Lung organoid culture platforms based on air-liquid interface (ALI): (a) lung organoids cultured on permeable inserts exposed to air exhibited cystic and branched morphologies with lung epithelial markers (CC-10, EpCAM, and RT2-70). The images are reproduced from Laube et al. ⁹¹ with a permission from publisher, (b) alveolar organoids cultured on ALI using artificial basement membrane showed high expression of alveolar cell specific proteins and tight junction. The images are reproduced from He et al. ⁹² with a permission from publisher, and (c) the bronchioalveolar ALI system, established by seeding fetal lung bud tip organoids onto a transwell membrane and co-culturing mesenchymal cells on the bottom side of a well plate. This system increased the susceptibility to SARS-CoV-2 infection in AEC2 due to higher expression of the TMPRSS2, a pivotal factor in SARS-CoV-2 infection.
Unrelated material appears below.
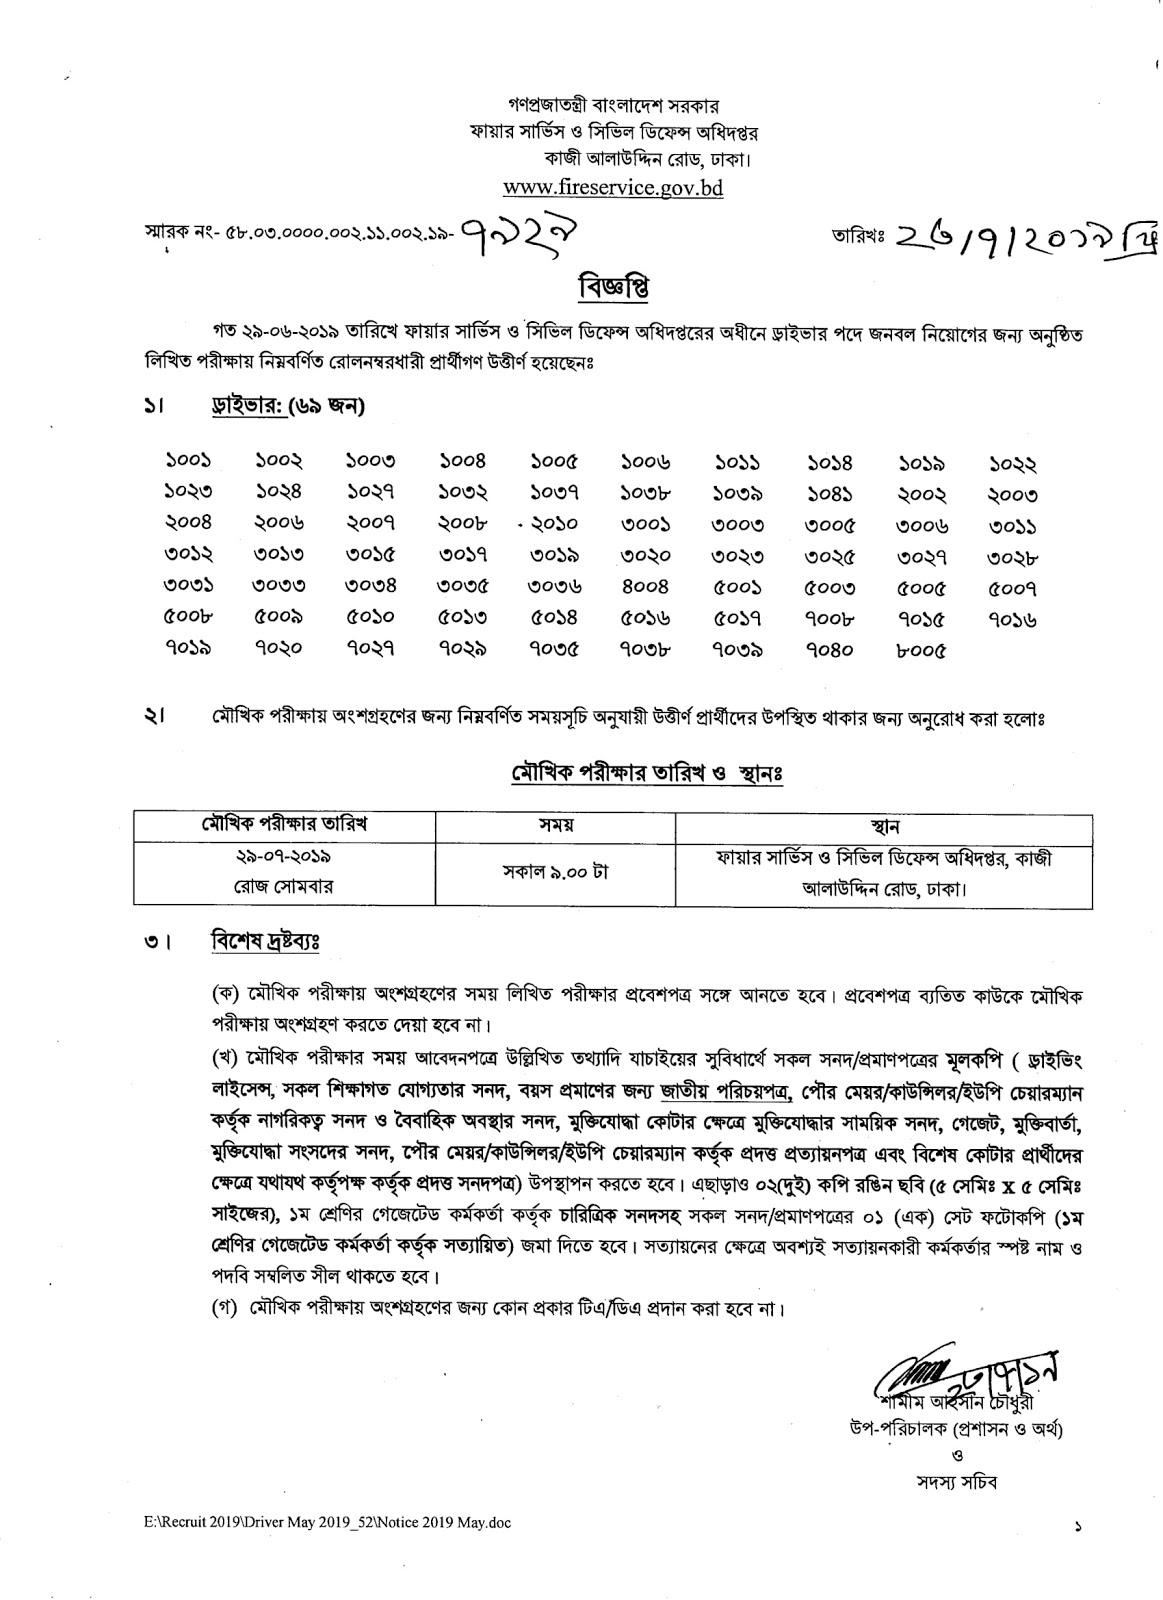 Bangladesh Fire Service Job Result 2019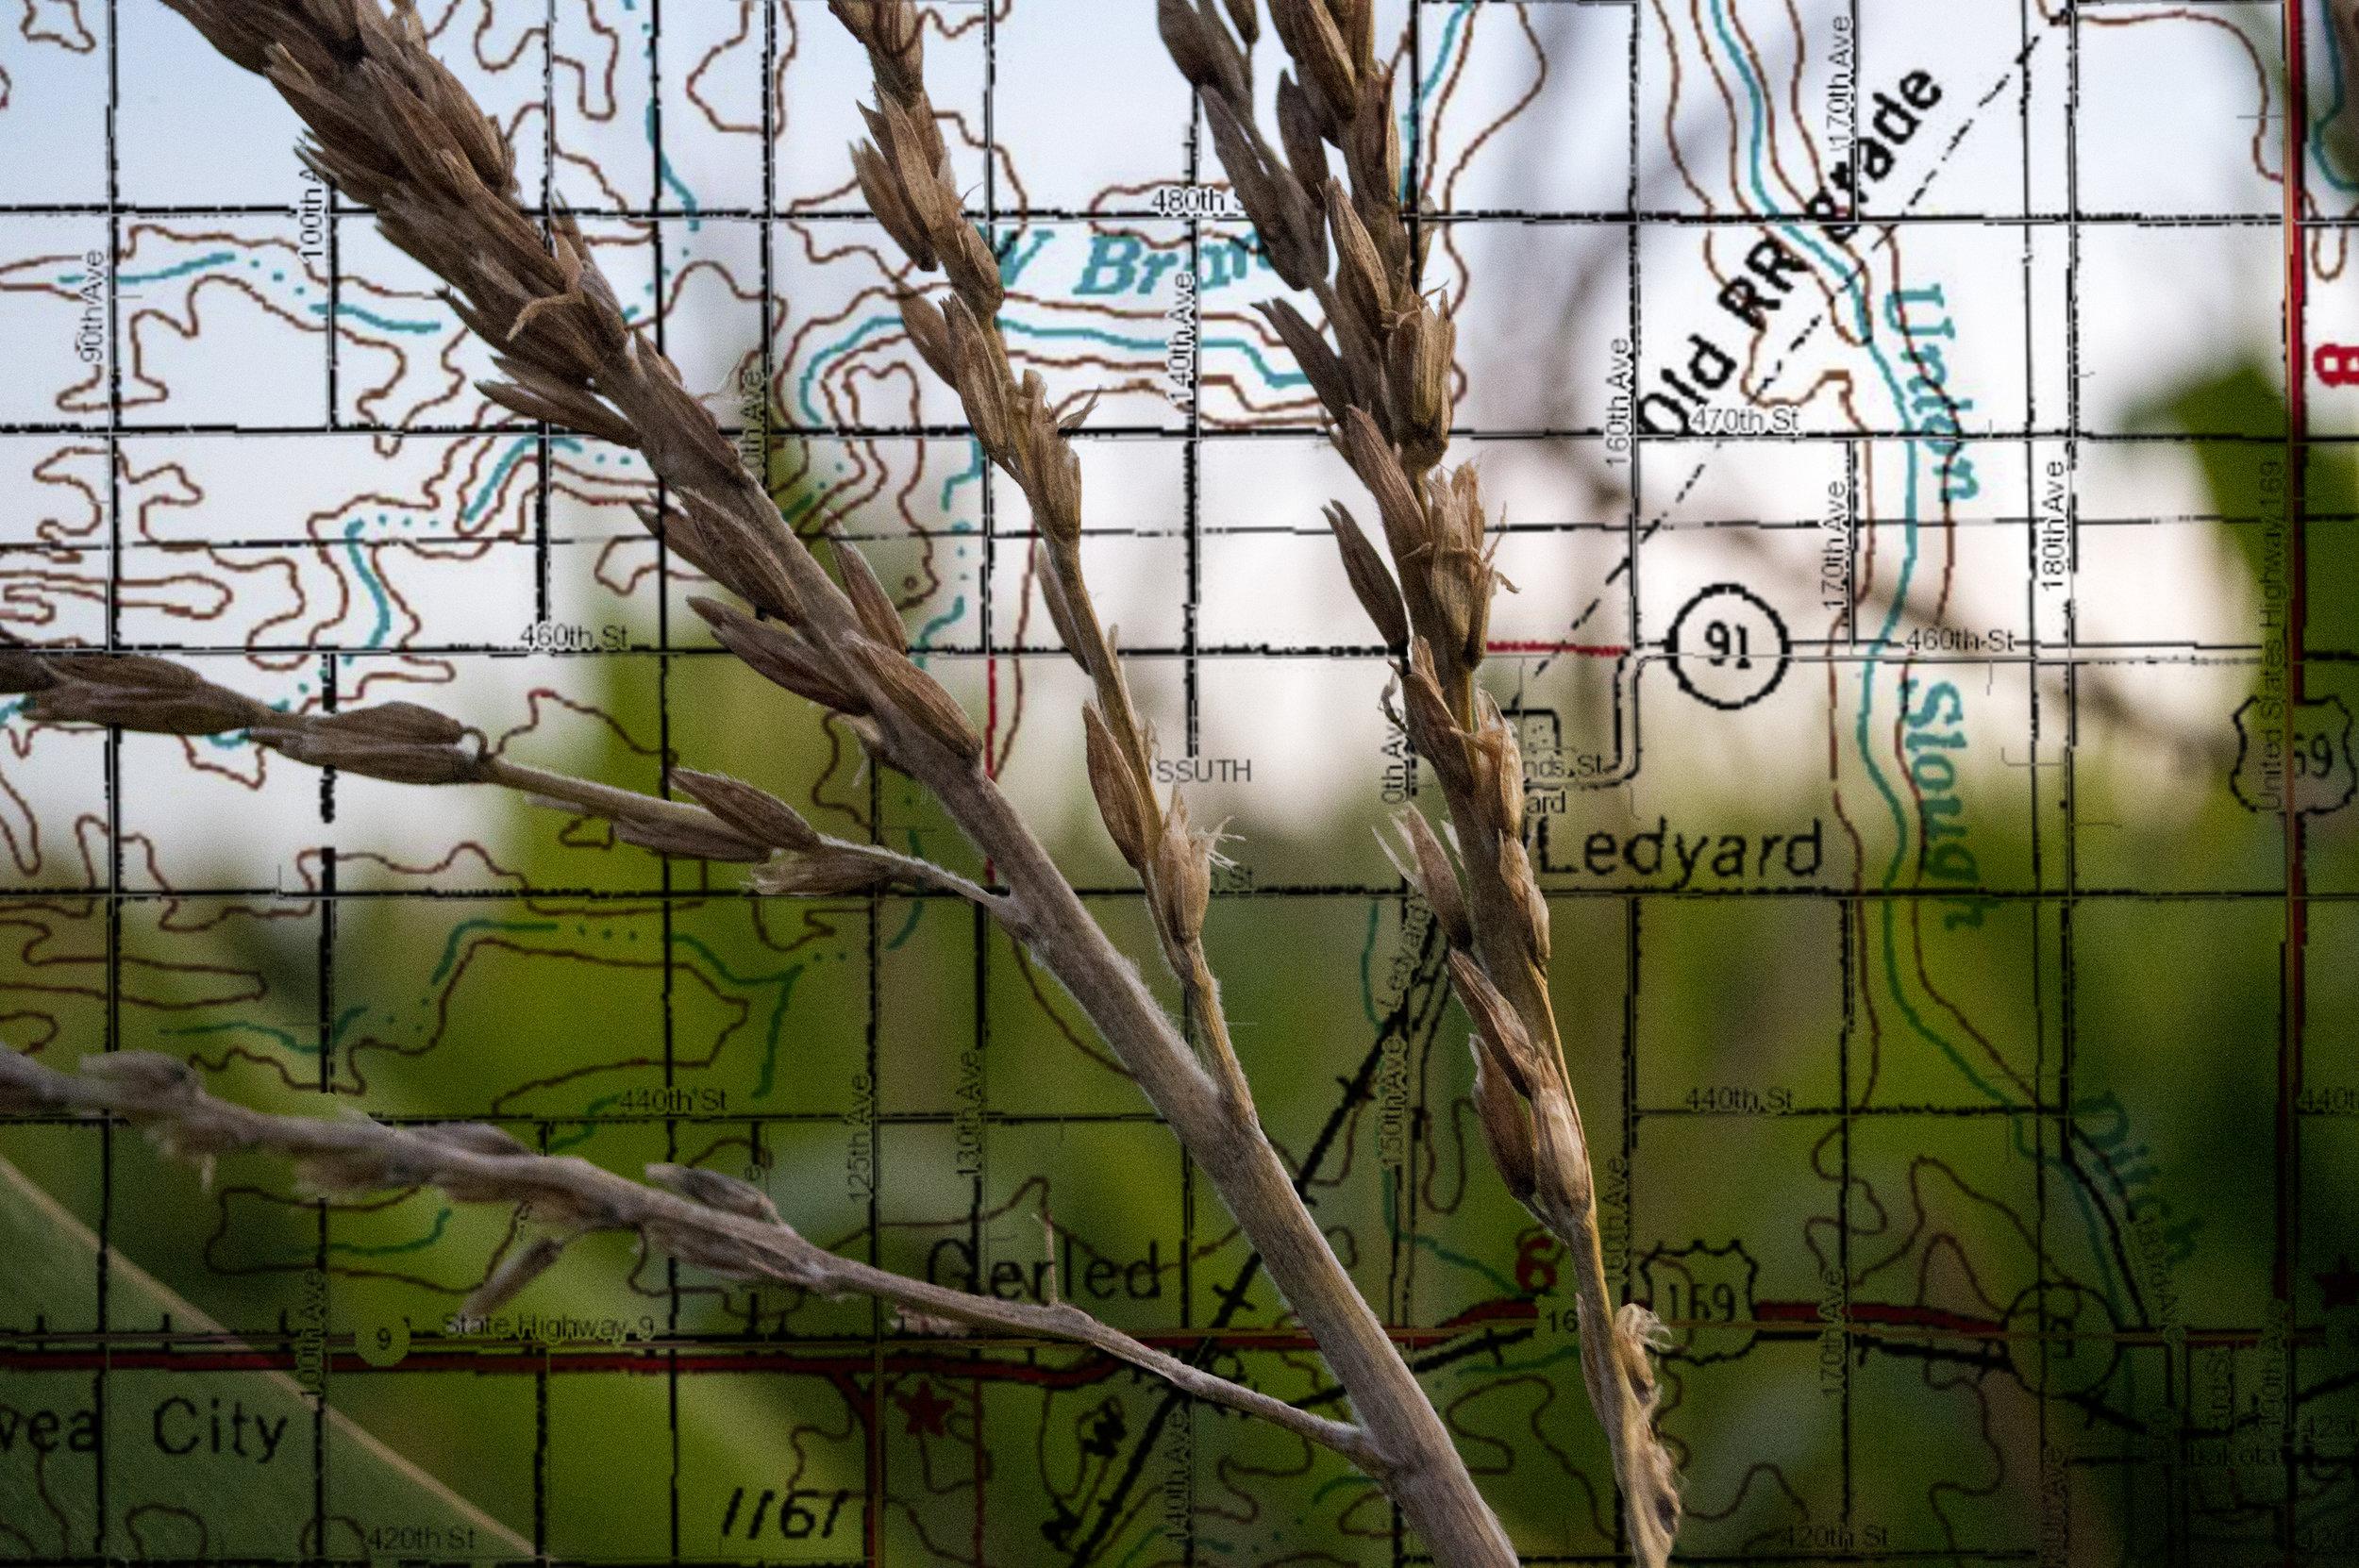 250K-Topographic-Maps_GIS-LedyardTownship_LR.jpg

The images are reproduced from Lamers et al. ⁹³ with a permission from publisher.

Microfluidic chip

Microfluidic chip facilitates the provision of tissue-mimetic physiological environments and stimulation for organoids, such as vascular network, ALI, mechanical strain, and fluid flow (Figure 4).^{96 –99} Lung organoid culture system adopting microfluidics facilitates the seamless integration of continuous perfusion with culture media, drugs, or various factors, thereby effectively replicating fluid-induced shear stresses and emulating the physiological functions of the lungs in vivo.^89,100,105 Because of these characteristics, microfluidic system offers advantages in replicating the alveolar-capillary interface, biomechanical activity, and inherent biological functions of the lungs. Consequently, lung-on-a-chip, featuring micro-engineered microfluidics with multilayered structures, is increasingly applied in pharmacotherapeutic research, including preclinical models and disease models. Several lung-on-a-chip prototypes based on microfluidic chip are specifically designed to replicate the physical changes that occur in lung tissue during respiration.^101,102 In these lung-on-a-chip systems, alveolar epithelial cells are cultured in the upper channel, while ECs are cultured in the lower channel. To mimic the alveolar-capillary barrier and create ALI, air is passed through the upper channel where the epithelial cells are located. For simulating the mechanical strain and stretching that occur during breathing, a vacuum is applied to flexible chambers located on both sides of the chip. These mechanical forces can replicate the physiological and physical changes that take place within the lungs. By integrating these dynamic features, lung-on-a-chip technologies provide a valuable platform for studying the complex interactions of lung cells and their responses to mechanical cues.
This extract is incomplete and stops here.